Read Dr. Serra’s full biography.

Dr. Gyu Sang Shim
Instructional Assistant Professor, Bush School DC
Gyu Sang Shim, PhD, is a Lecturer at Texas A&M’s Bush School of Government and Public Service in Washington, D.C. Dr. Shim receives his PhD in Political Science from the University of Rochester (2022). He obtained his MA degree in Political Science and MS degree in Economics from Purdue University (2017), and graduated from Konkuk University, Seoul, Korea with a BA degree in Political Science (2012).

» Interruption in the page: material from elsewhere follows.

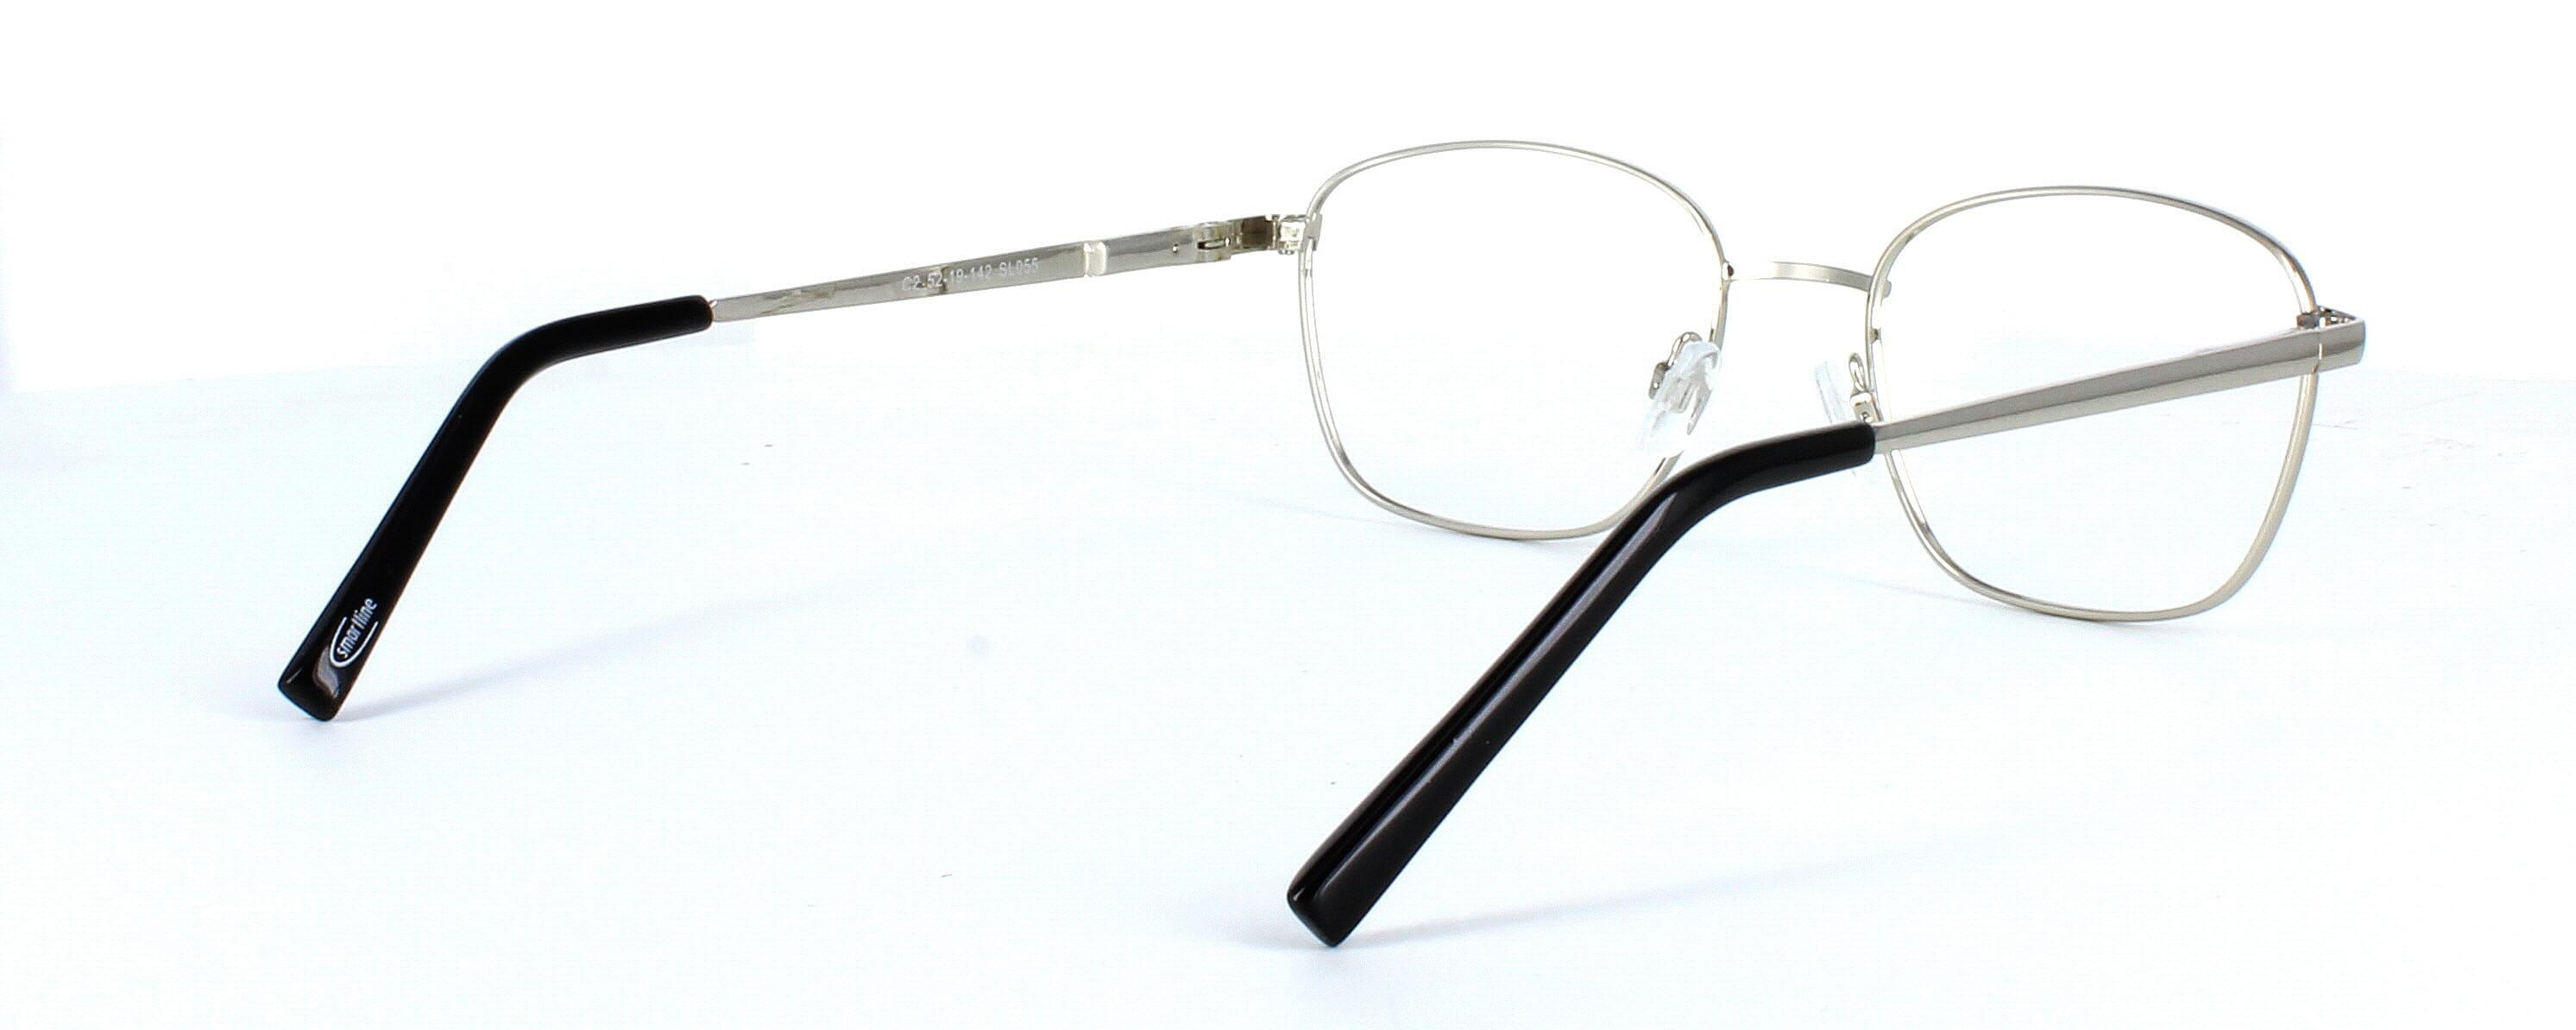 Blanko - Unisex shiny silver metal square shaped glasses with sprung hinge temple - image view 5

Dr. Shim’s research highlights that firms have diverse political backgrounds, and they leverage that against investment risks. He applies formal theory and implements quantitative analysis of firm-level datasets to study how multinational corporations handle political risks such as the host government’s policy changes, armed conflicts, social protests, and investment screening.

Aileen Teague
Assistant Professor, The Bush School of Government & Public Service
Dr. Aileen Teague is an Assistant Professor of International Affairs at Texas A&M’s Bush School of Government & Public Service. She teaches classes on American history and US relations with Mexico and Latin America as well as thematic courses addressing issues such as interventionism, drug enforcement, national security, and addiction in US society. Dr. Teague enjoys providing a voice on how history has shaped current social and political issues. Her research focuses broadly on issues of interventionism and militarization, incorporating top-down and bottom-up perspectives to understand the effects of US policies on foreign societies.
She earned her PhD in history from Vanderbilt University, served in the US Marine Corps, and held a postdoctoral fellowship at Brown University’s Watson Institute for International and Public Affairs before joining the Bush School.